Synthetic peptides are easy to synthesize and have a favorable pharmacokinetic profile. In addition, they are used to access biological materials. Peptides can bind biomolecules and amines as well as function as reducing agents and stabilizers.
In order to prepare gold-peptide superstructures, tyrosine-rich short peptides are used. These peptides have high assembling and mineralizing properties. They also exhibit conformationally constrained amino acids that are effective tools to stabilize AuNPs.

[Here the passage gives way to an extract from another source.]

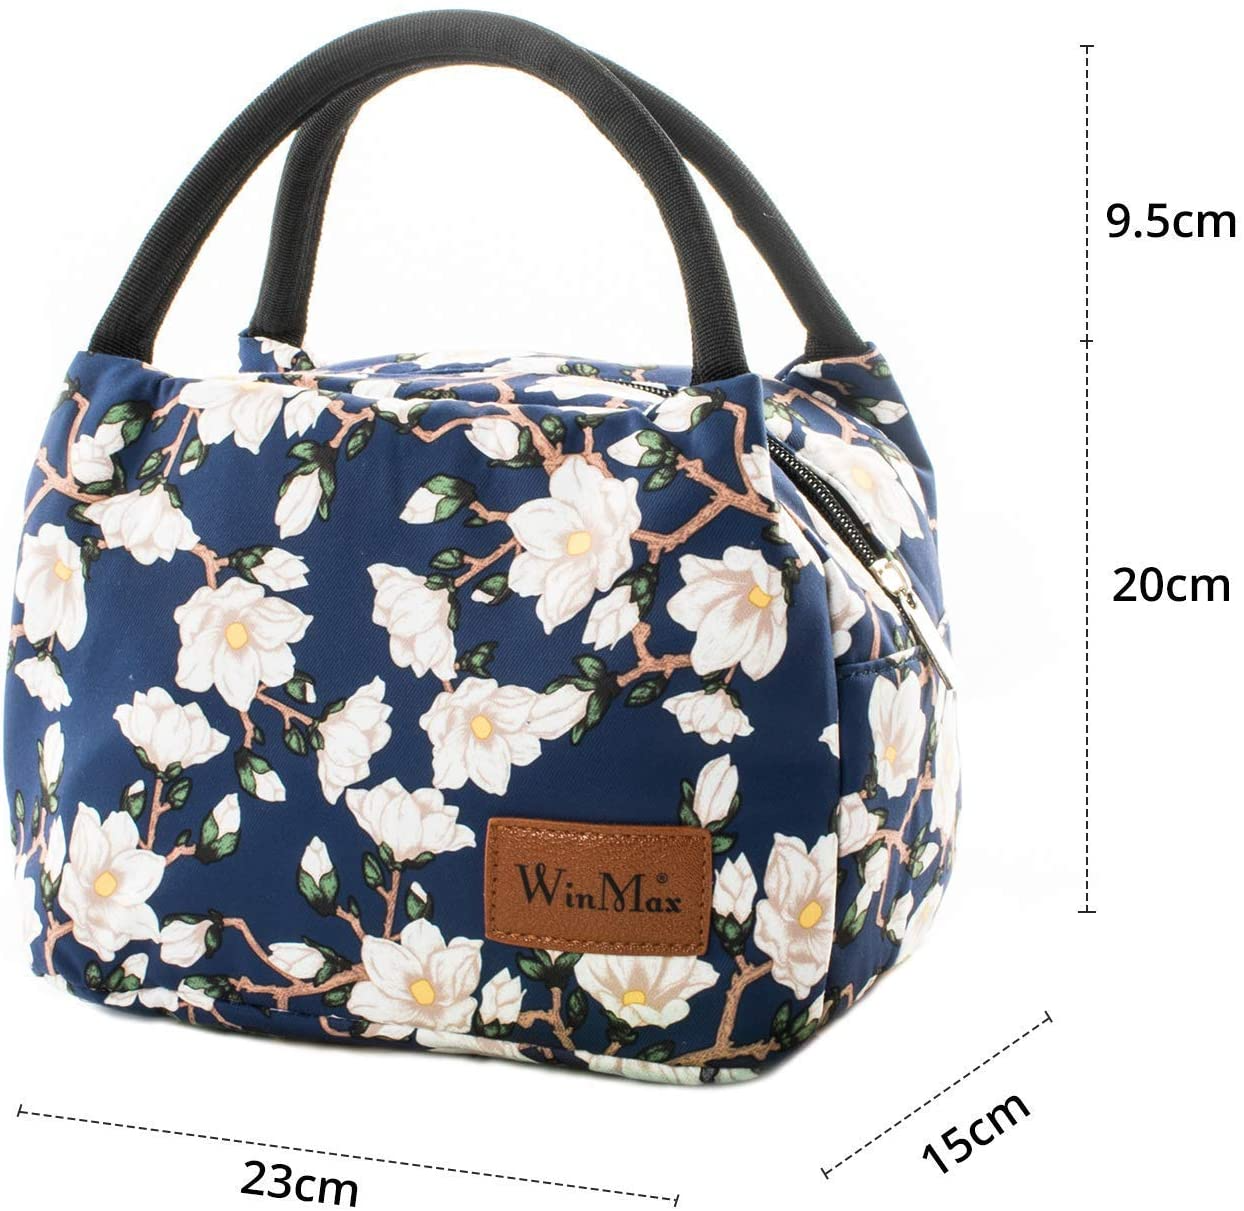 kuhltasche printed size

A variety of peptide-gold nanocomposites have been reported in the literature. However, the mechanism of their reduction process remains unclear. Hence, the mechanism requires further investigation.
One possible mechanism is the interaction between the gold nanoparticles and the lysine amino acids. As a result, the peptides can hold the nanoparticles in the nanofibers. Another mechanism is electrostatic interactions between the components. For example, the peptides can act as an electrostatic capping and stabilizing agent, and the gold nanoparticles can be reduced.
Gold nanoparticles are typically face-centered cubic in nature. They have a consistent d-spacing. Their average size is 5.16 nm. UV-Vis spectroscopy and EDS characterizations confirm the presence of gold elements on the nanoparticle surface. FTIR spectroscopy and XPS have also been used to study their specific interactions with the peptide.